__YOUR INSTRUCTIONS__
What you return must match the listing below line for line, minus its pictures.
○ ○ ○ ○ ○
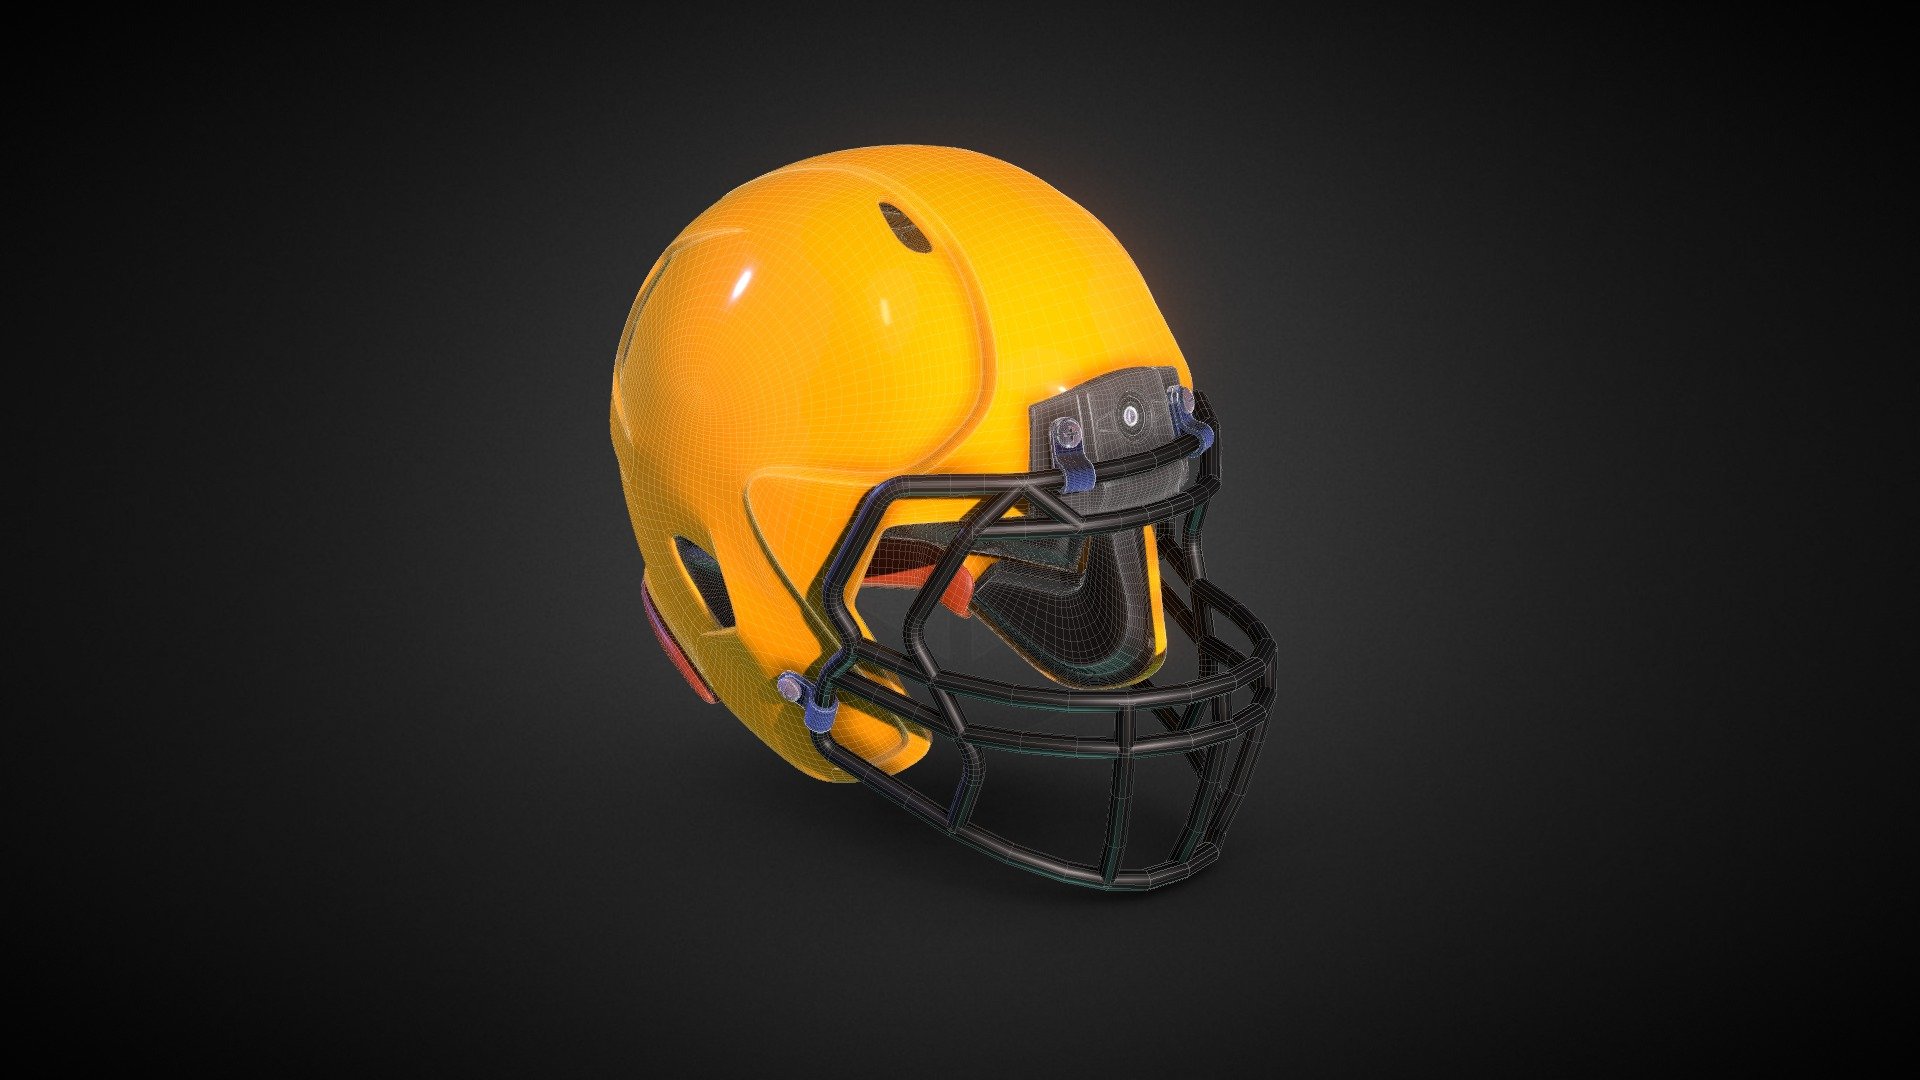 New version of my old model American football helmet.
Features:
UV Mapped
Quad poly only
Front guard totallly remeshed
Foam inside the helmet remeshed - American football helmet - Remeshed - UV Mapped - Buy Royalty Free 3D model by LURA (@lura_art) 3d model
○ ○ ○ ○ ○
__FINISHED EXERCISE__
 New version of my old model American football helmet.
Features:
UV Mapped
Quad poly only
Front guard totallly remeshed
Foam inside the helmet remeshed - American football helmet - Remeshed - UV Mapped - Buy Royalty Free 3D model by LURA (@lura_art) 3d model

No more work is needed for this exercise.